Je me suis aussi posée cette question, car, au départ, si peu de temps après la greffe, cela me semblait impossible de l’écrire. Difficile de décrire, de sublimer ce que j’ai traversé, de partager ce parcours avec ceux qui, un jour, ont affaire à des questions aussi existentielles que d’avoir besoin de l’organe d’un autre pour continuer à vivre. L’écriture est, pour moi depuis 20 ans, un besoin absolu, et quoi de plus vital que d’écrire pour se sentir en vie ?

Vous doutiez-vous qu’un jour vous seriez vous aussi atteinte de la maladie qui frappe les femmes de votre famille ?

Non. Je connaissais par cœur l’histoire de ce gène familiale qui emporté toutes les femmes de ma famille maternelle. Mais j’étais dans le déni, je me suis voilé la face toute ma vie. Un matin, c’était un vendredi, je devais passer chercher ma mère après sa dialyse, elle était enchainée à cet appareil depuis 25 ans. Une heure avant de partir pour la retrouver, son infirmière m’a appelé pour me dire qu’elle venait de mourir. A partir de là, le rideau de fer est tombé.

Quels en ont été les premiers signes ?

Une immense fatigue et une perte de poids très rapide. Je ne pouvais plus rien avaler, pas même de l’eau.

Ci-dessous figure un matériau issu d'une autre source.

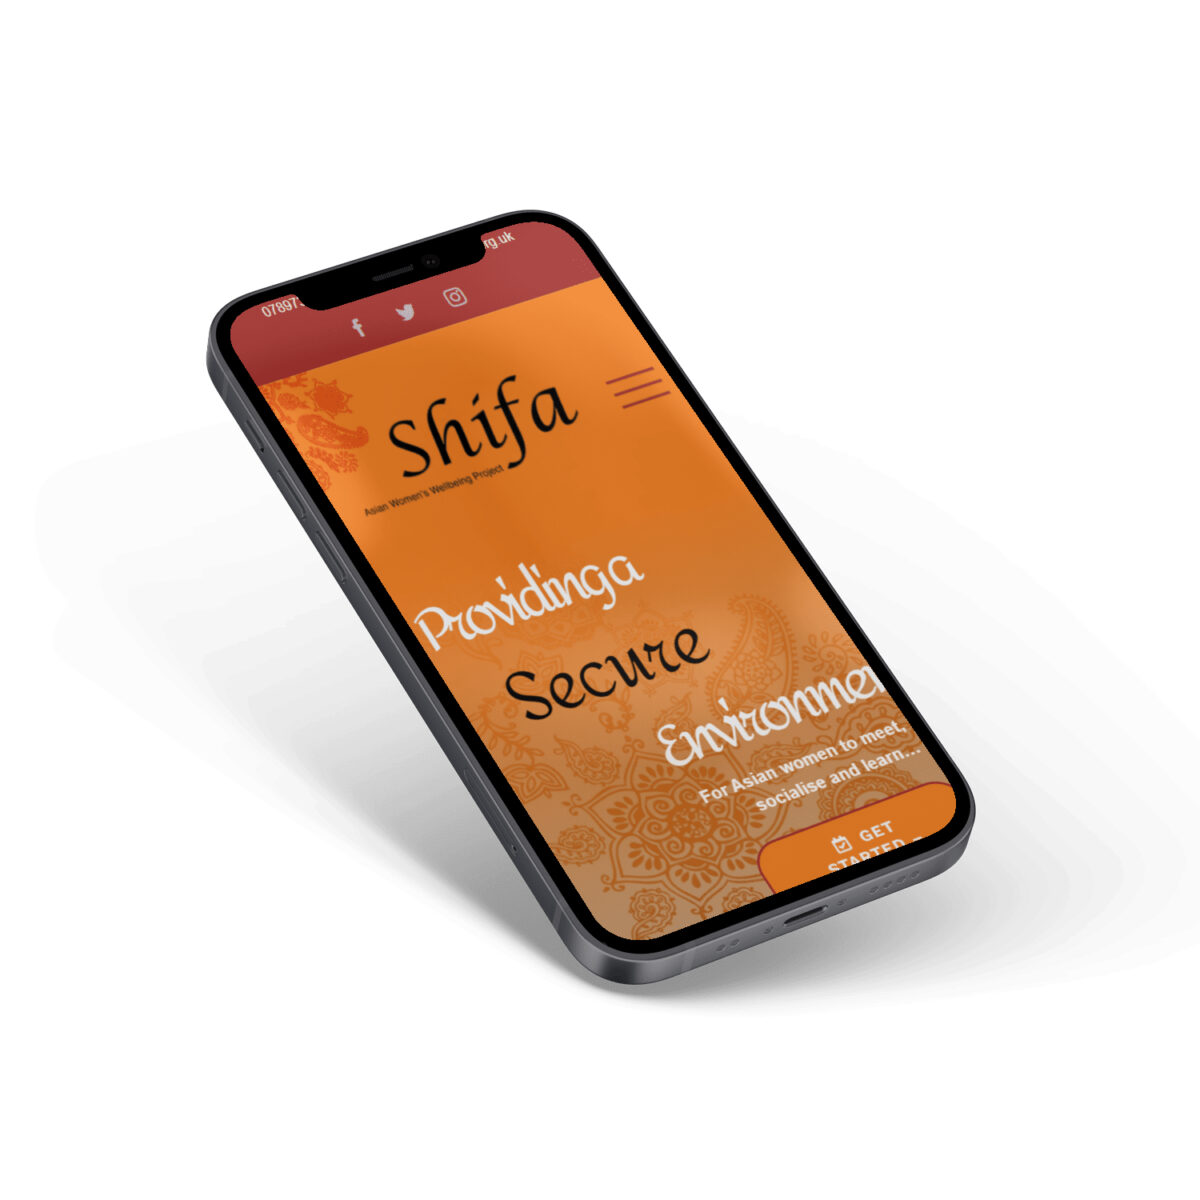 Shifa Network Mobile

Comment a fait votre sœur, Bettina, pour éviter d’en arriver à ce que vous avez vécu ?

Cette réponse n’appartient qu’à elle.

 

« Je connaissais par cœur l’histoire de ce gène familiale qui emporté toutes les femmes de ma famille maternelle. Mais j’étais dans le déni, je me suis voilé la face toute ma vie »

 

Cette maladie vous a rapproché d’elle… Comment ?

Nul doute que le fait d’être confrontées toutes les deux à un gène tueur en série nous a rapproché infiniment.

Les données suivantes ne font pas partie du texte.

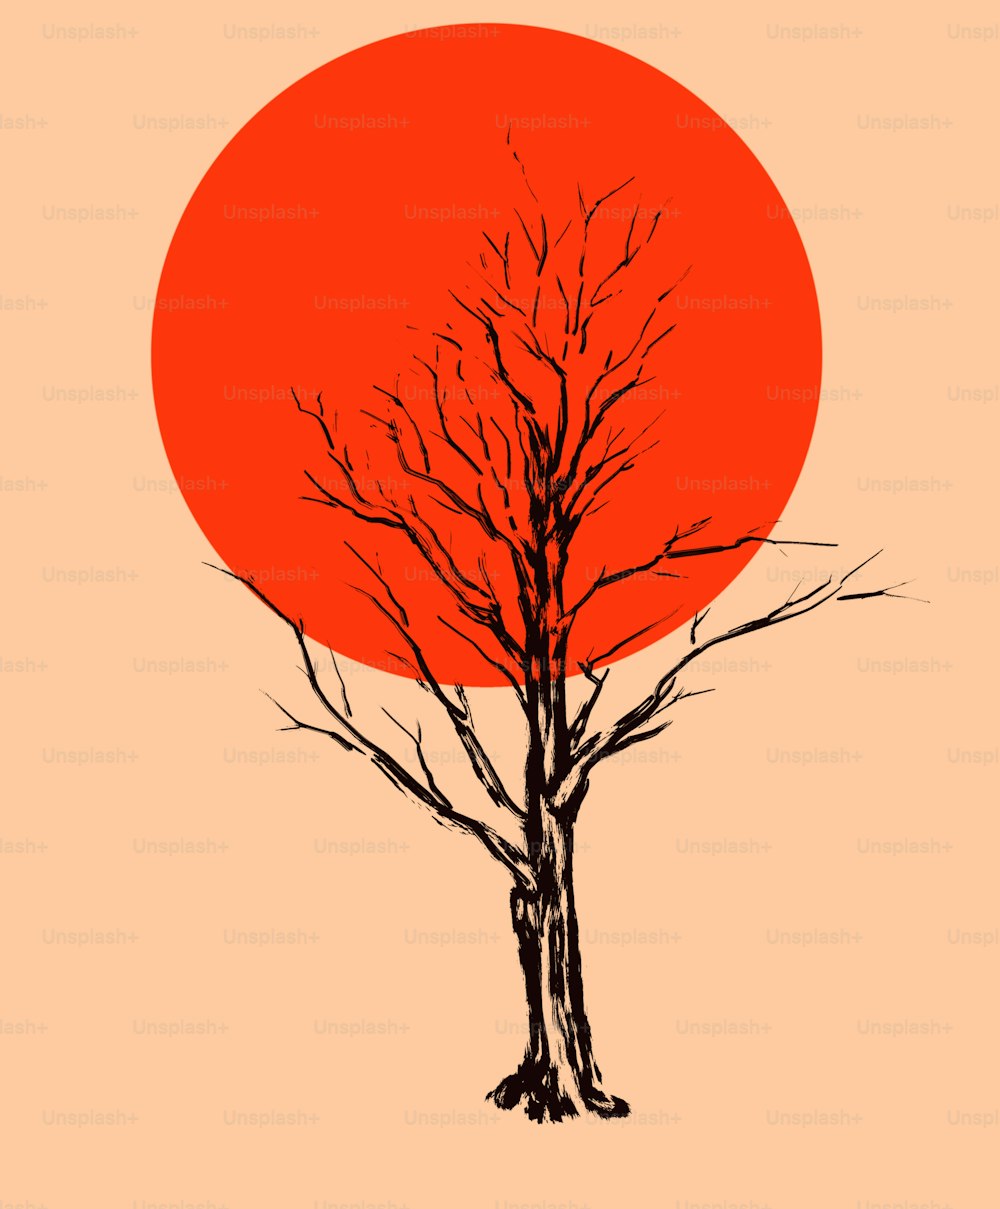 Ein vertrockneter Baum vor dem Hintergrund einer glühenden Sonnenscheibe. Seitenformat

Qu’avez-vous ressenti lorsque vous étiez dans le coma ?

Pas grand-chose au début, puis, progressivement le sentiment qu’il ne suffirait que d’un souffle pour que tout s’arrête. Ensuite j’ai fait un œdème général qui a touché mon cerveau, ce furent alors des cauchemars des visions délirantes, des gens étaient présents dans ma chambre en réanimation.

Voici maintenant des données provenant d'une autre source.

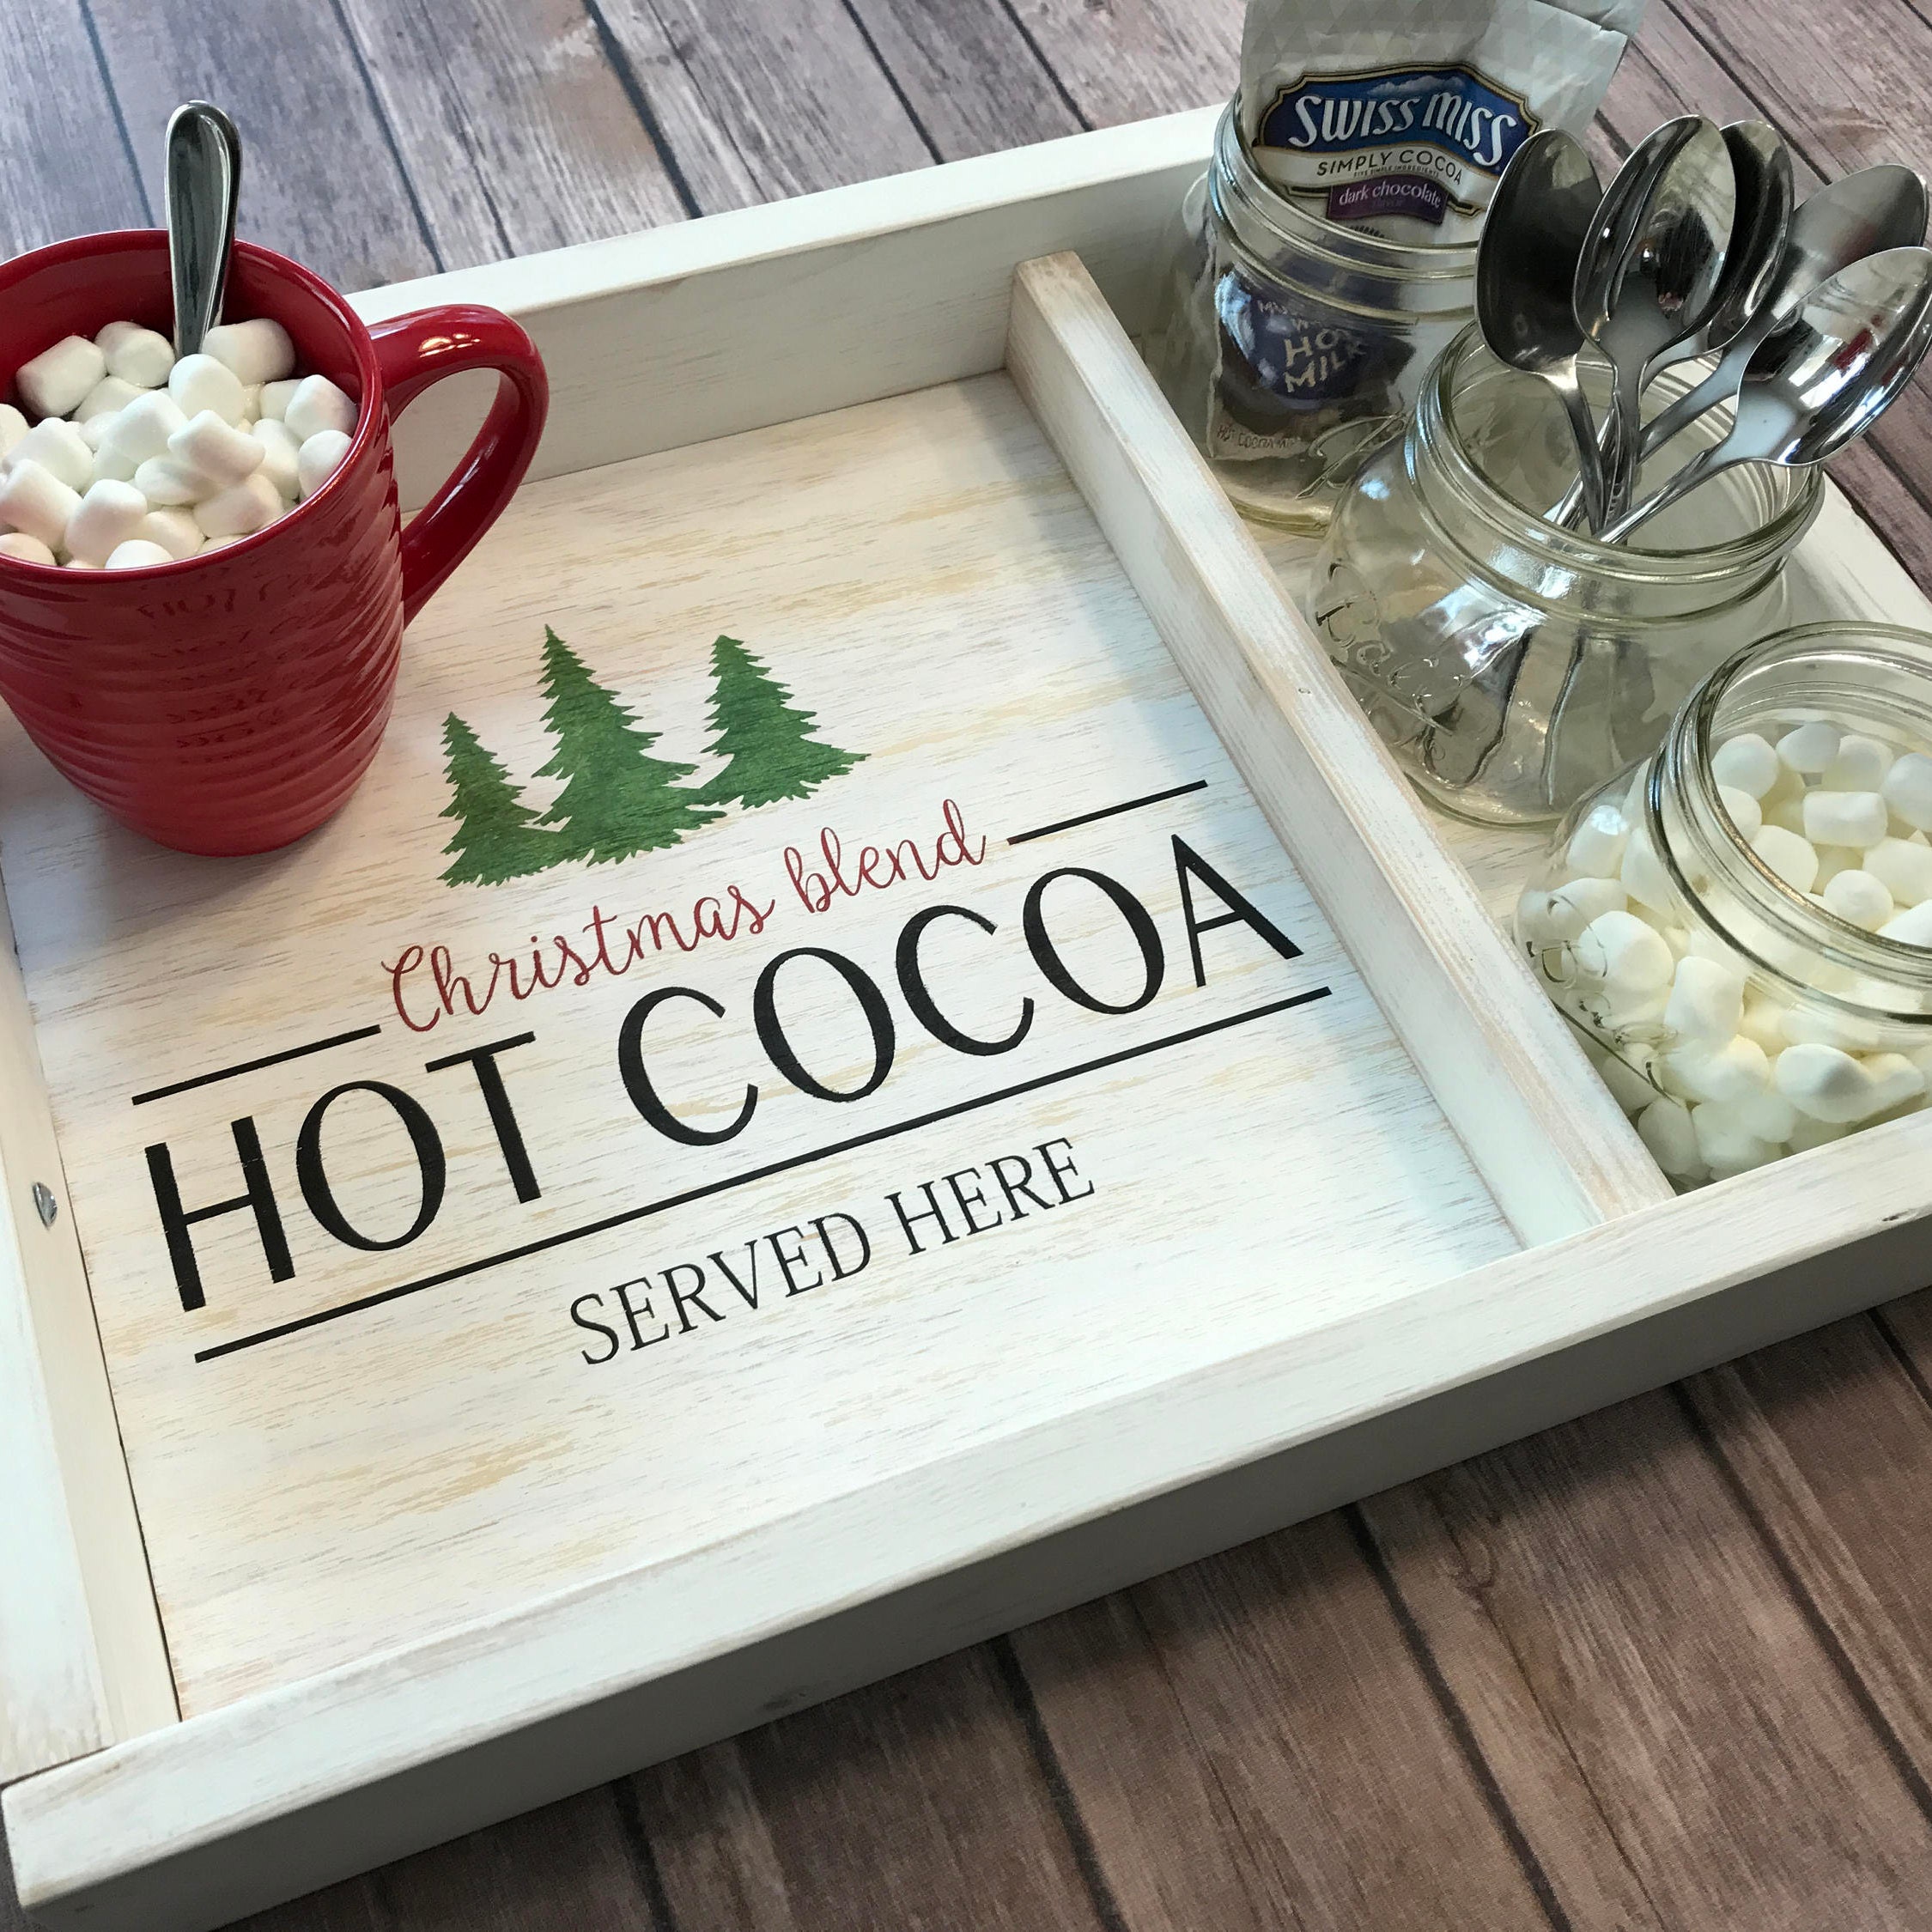  Xylolfsty Hot Cocoa Bar Tray Hot Cocoa Station Wooden

Que diriez-vous de l’équipe médicale qui vous a suivie ?

Il y en a eu plusieurs, toutes plus extraordinaires les unes que les autres, de la réanimation à la greffe j’ai été portée par eux dans un combat qui semblait désespéré.

 

« Cet homme qui m’a fait un don inestimable, n’est pas musicien, ni danseur, ce serait dévoiler une trop grande part de « Les reins et des cœurs » que de répondre ici »

Vous dites que vous n’avez hérité que de « cette saloperie’ de votre mère : pourquoi ? Que s’est-il passé ? Pourquoi vous a-t-elle déshéritée ?

Il faudrait un roman pour répondre à cette question ; en fait, il existe et il a pour titre « Laisser les cendres s’envoler » (1).

Quels rapports aviez-vous avec elle ?

C’était la femme de ma vie, je pensais que rien ni personne ne pourrait jamais nous séparer.

Parlez-nous de votre merveilleux donneur, Flavien, ce musicien.

Je vais vous répondre ainsi : cet homme qui m’a fait un don inestimable, n’est pas musicien, ni danseur, ce serait dévoiler une trop grande part de « Les reins et des cœurs » que de répondre ici.

En quoi cette épreuve vous a-t-elle changé ? Vous et votre regard sur le monde ? Sur le sens de la vie ?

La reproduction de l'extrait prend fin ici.